The following description will discuss a specific example of a flow of a process in accordance with Embodiment 4. In this example, the process subsequent to the specific process flow exemplarily discussed in Embodiment 3 is discussed. As described in Embodiment 3, in step S20, the response generating section 123c generates a response sound such as “Then, how about ‘Brand A’, which you have ordered before?”.
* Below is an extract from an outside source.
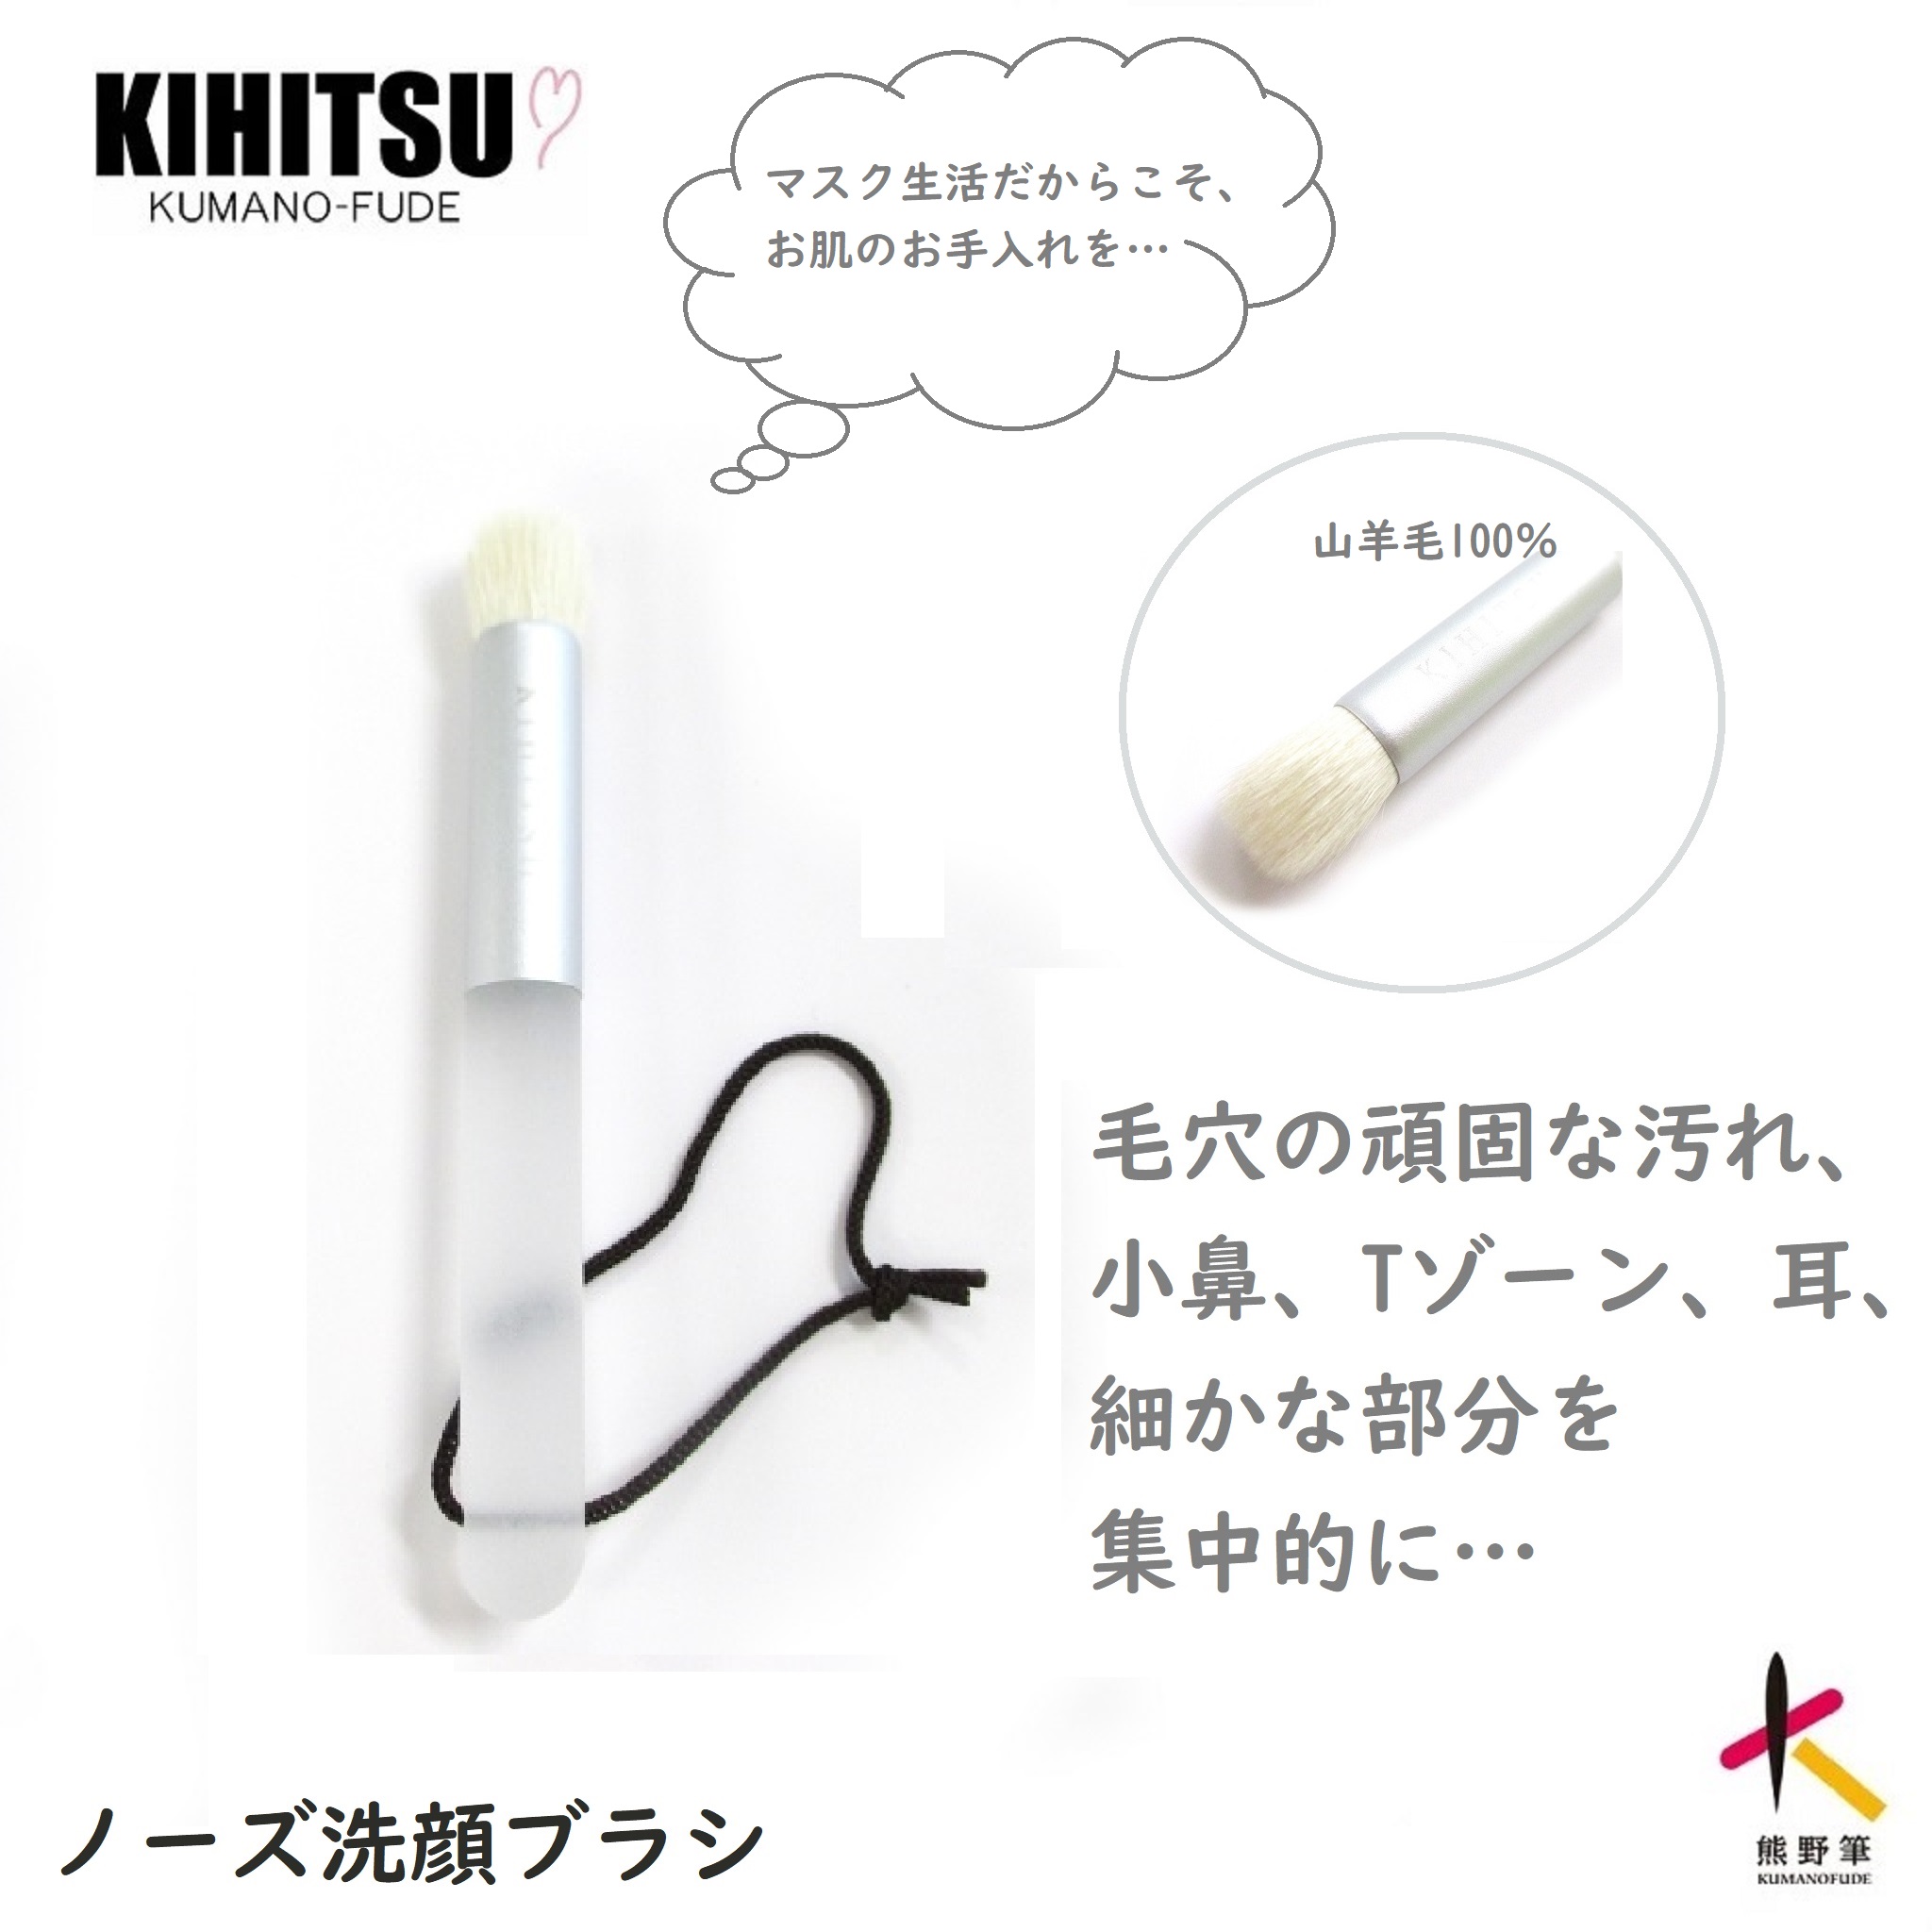 熊野筆 KIHITSU メイクブラシ - 基礎化粧品

Next, in step S16, the terminal apparatus 10 outputs the response sound. Assume here that, in response to the response sound, the user speaks “I want something else”. In this case, in step S30, the context determining section 124c determines that the speech of the user contains an instruction to present another option other than the option “Brand A” contained in the previously-generated option presenting sound. Next, the conversation history managing section 126c selects “Brand B”, which is other than the previously presented “Brand A”, based on the conversation history information 143c. Note, here, that the conversation history information 143c may reference order history information 142b and select the merchandise item that the user has ordered second most frequently within a certain period of time. A specific method of the selection may be any method, and is not particularly limited. Next, in step S31, the response generating section 123c generates a response sound such as “Then, how about ‘Brand B’?”. Next, in step S16, the terminal apparatus 10 outputs the response sound.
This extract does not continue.